Le TDAH et l’anxiété sont confondus dans les deux sens car leurs caractéristiques les plus visibles sont les mêmes. La difficulté à se concentrer, l’agitation, le sommeil perturbé et une impatience accrue leur sont communs.
Aucune liste de symptômes ne les sépare, c’est pourquoi comparer les listes de symptômes est un exercice erroné. Ce qui les sépare, c’est le timing et le mécanisme.
La question qui les distingue réellement
Quand cela a-t-il commencé, et avec quoi cela évolue-t-il ?

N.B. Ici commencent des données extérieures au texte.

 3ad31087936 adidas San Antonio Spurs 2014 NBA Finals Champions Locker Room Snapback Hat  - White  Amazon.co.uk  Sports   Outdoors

Le TDAH est un trouble du développement. Les difficultés sont présentes dans l’enfance, et bien que leurs conséquences changent à mesure que la vie devient moins structurée, le schéma sous-jacent reste globalement constant. Il ne se manifeste pas dans la vingtaine et ne disparaît pas lorsque un projet stressant se termine.

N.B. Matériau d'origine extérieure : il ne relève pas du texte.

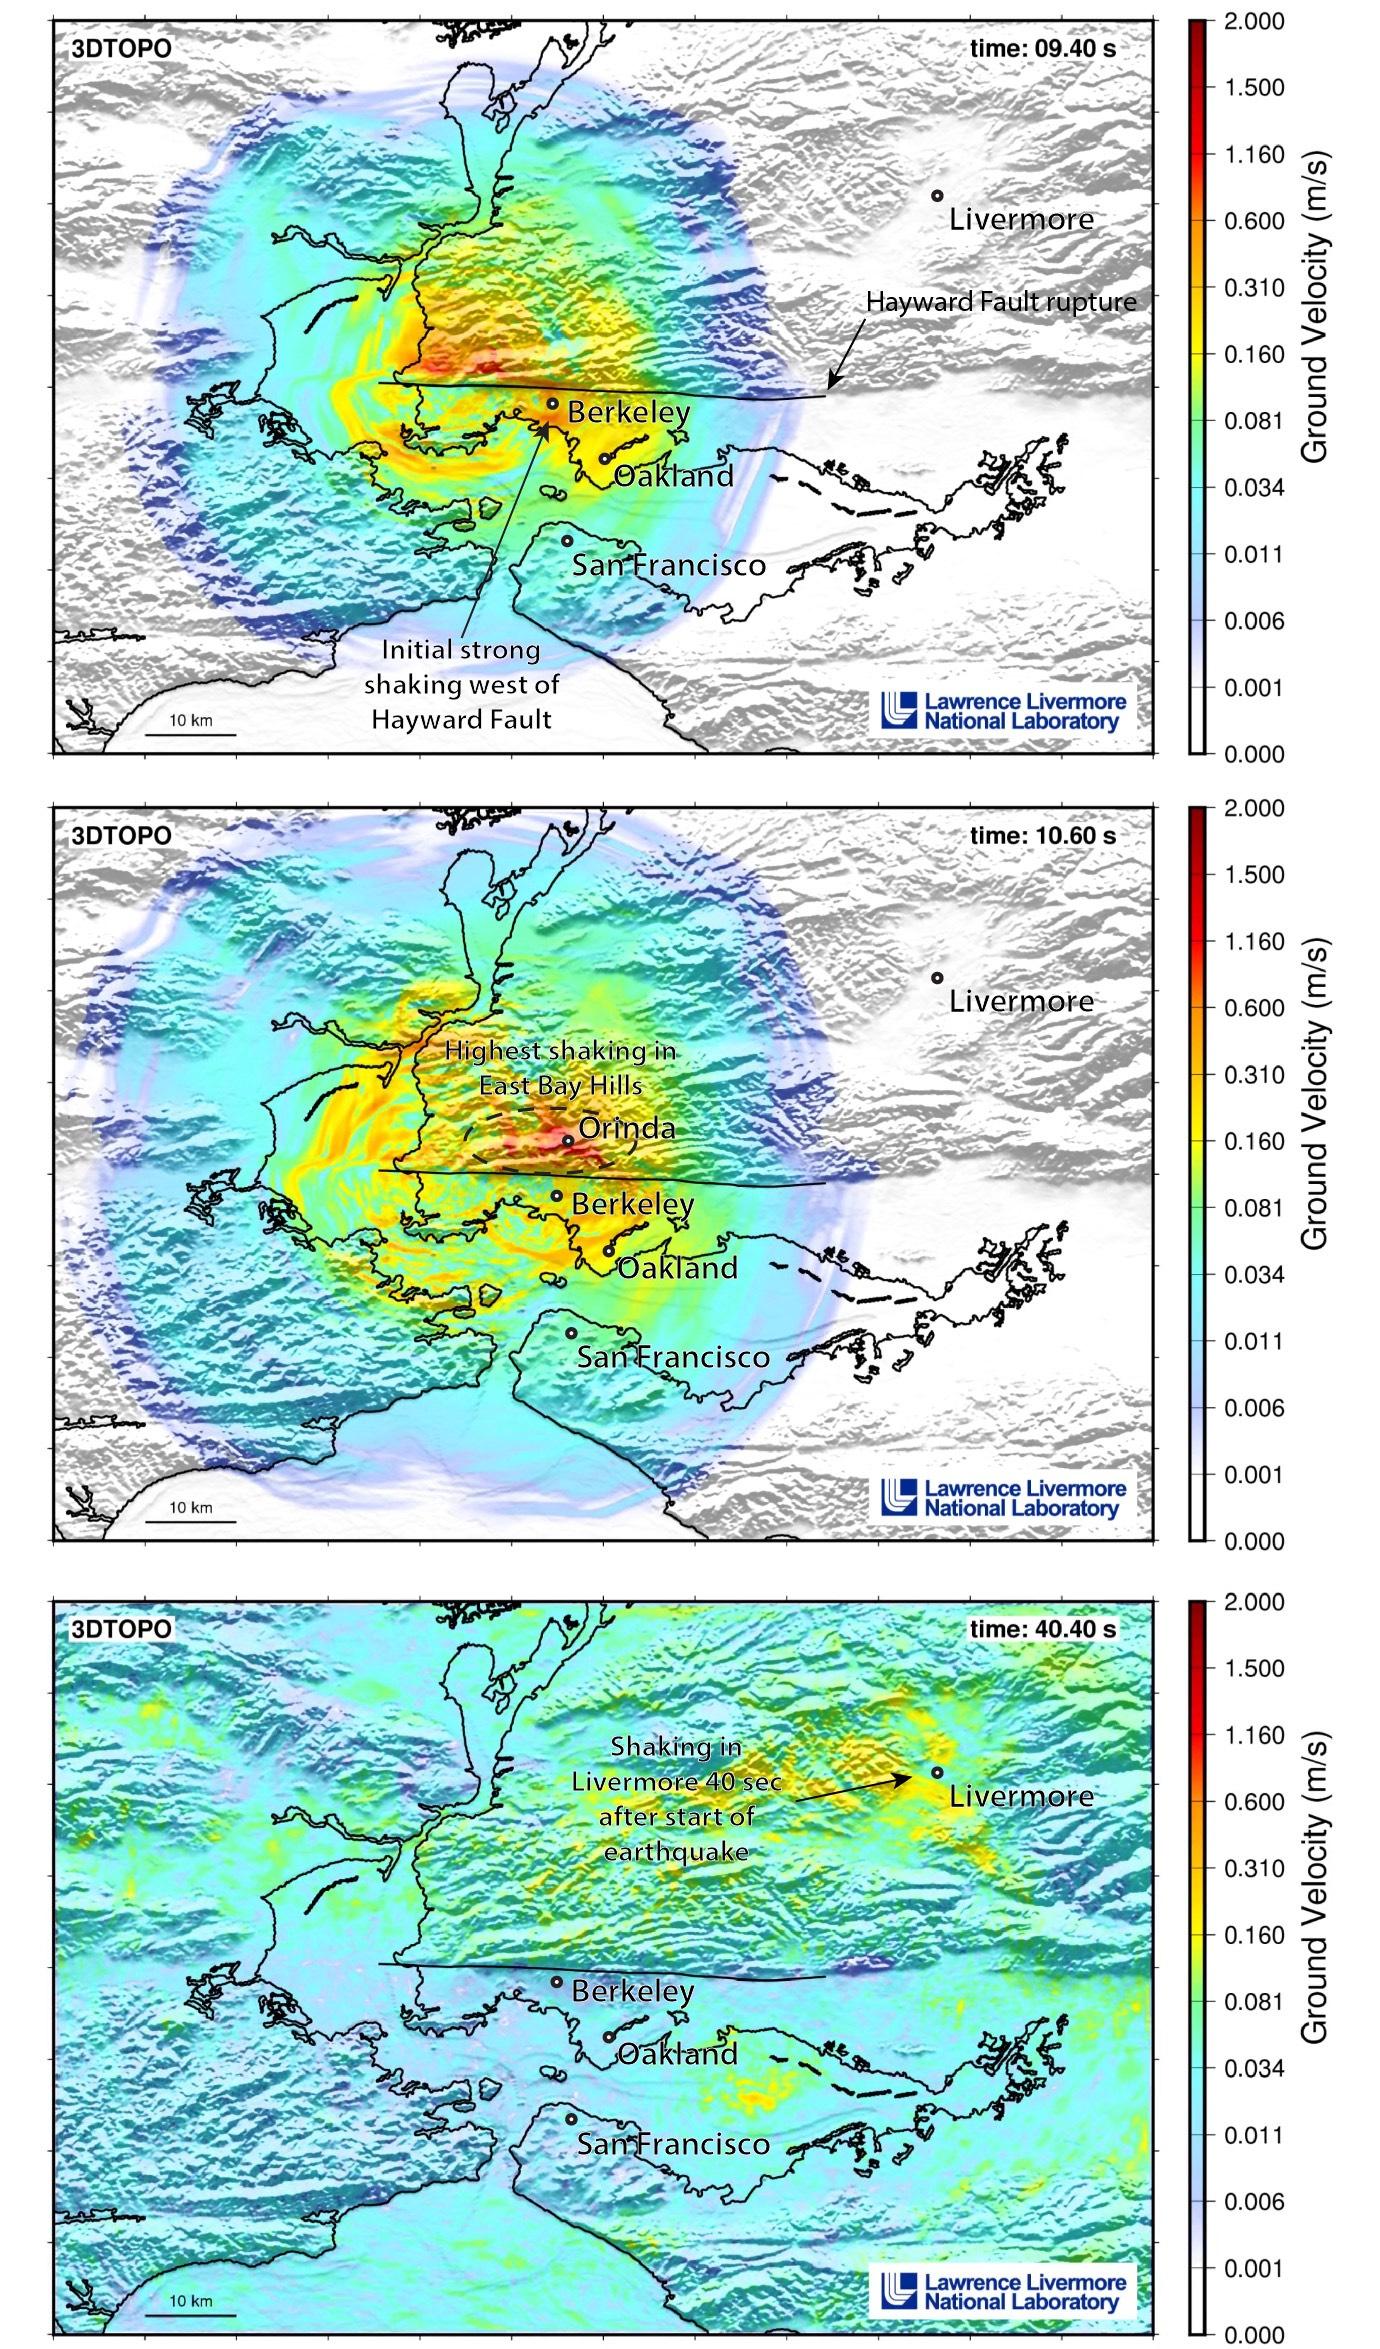 hayward-fault-rupture-east-bay

L’anxiété a plus souvent un début que vous pouvez situer, et elle évolue avec les circonstances. Elle augmente pendant une mauvaise période et diminue lorsque cette période se termine.
La question utile lors d’une évaluation n’est pas “avez-vous du mal à vous concentrer”, ce qui est un oui pour presque tout le monde dans les deux groupes. Il s’agit de savoir si vous aviez du mal à vous concentrer à l’école primaire, un mardi normal, quand rien de particulier n’allait mal. Le hub TDAH couvre ce que l’évaluation implique et quelles preuves elle demande.
Même expérience, mécanisme différent
Regardez de près l’attention elle-même et les deux se séparent.
Dans l’anxiété, l’attention est capturée. Ce n’est pas que vous ne pouvez pas vous concentrer, c’est que la concentration est constamment attirée vers une chose spécifique. L’inquiétude a un contenu, elle est répétitive et elle concerne quelque chose.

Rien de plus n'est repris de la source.